There’s a particular kind of unease that settles over the Montreal paddock when the radar turns ugly. Not the theatrical, nostalgia-tinged “wet race incoming” buzz — more the quiet realisation that, under 2026’s new rules package, nobody actually knows where the cliff edge is.

That’s the tone drivers have struck ahead of a Canadian Grand Prix that’s shaping up to be cold, wet and riddled with the sort of variables teams hate: standing water, long straights that bleed temperature out of the tyres, and a power unit/energy deployment picture that several drivers describe as borderline unpredictable when grip is low. For a field that’s barely had meaningful wet running in this regulation era, it’s an uncomfortable first proper exam.

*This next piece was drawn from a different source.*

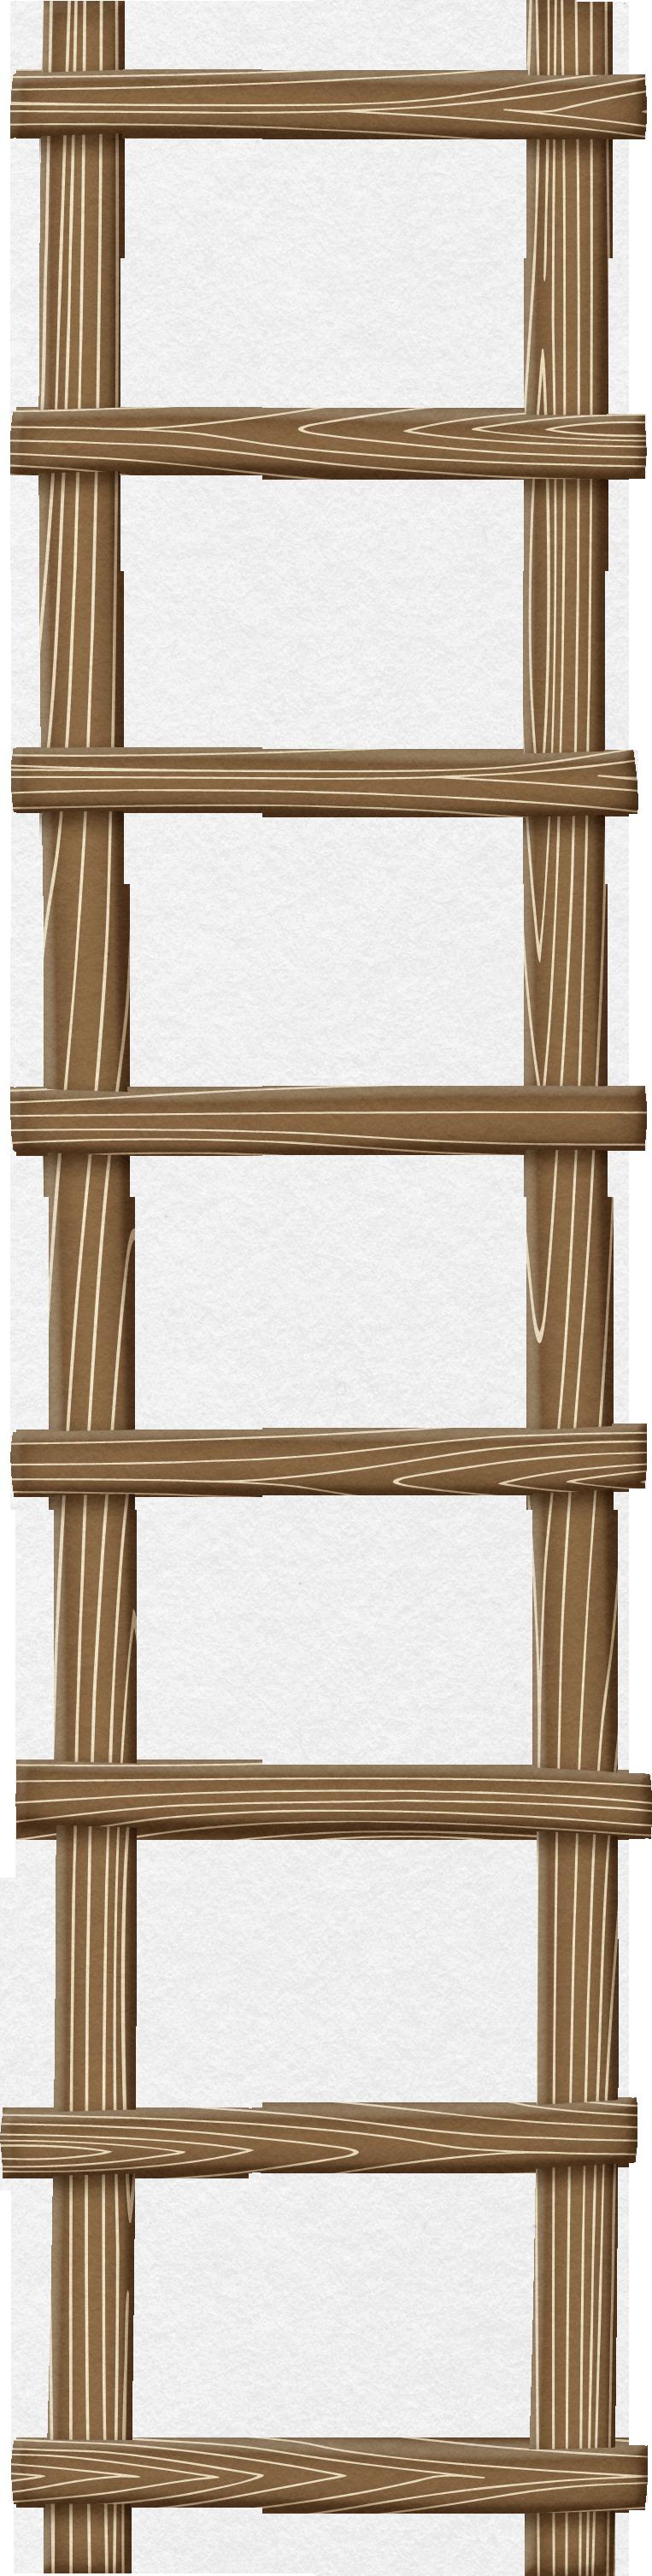 clipart free ladder transparent wooden #98701469

George Russell, set to start from pole, summed up the mood neatly: there isn’t much the drivers can do to prepare because the relevant mileage simply doesn’t exist. He’s not exactly dreading it — Russell’s always been one to welcome opportunity in changeable conditions — but even he framed Sunday as an exercise in discovery rather than execution.

Mercedes team-mate Kimi Antonelli went straight to the issue engineers have been muttering about since tyre blanket temperatures were reduced. Cold track, cold air, rain: it’s the perfect recipe for a tyre that never properly wakes up. Montreal is already notorious for punishing anyone who can’t generate energy through the carcass; add inters or full wets and the opening laps become less about bravery and more about who finds a workable temperature window first.

Lando Norris didn’t try to dress it up. He says nobody really knows how hard these cars will be to drive in the wet because, effectively, nobody’s done it in anger. Even in the dry, getting heat into the softest compounds has been tricky; take another chunk out of ambient temperature and then ask inters and wets to do the job with minimal help from the blankets, and you’re into the unknown.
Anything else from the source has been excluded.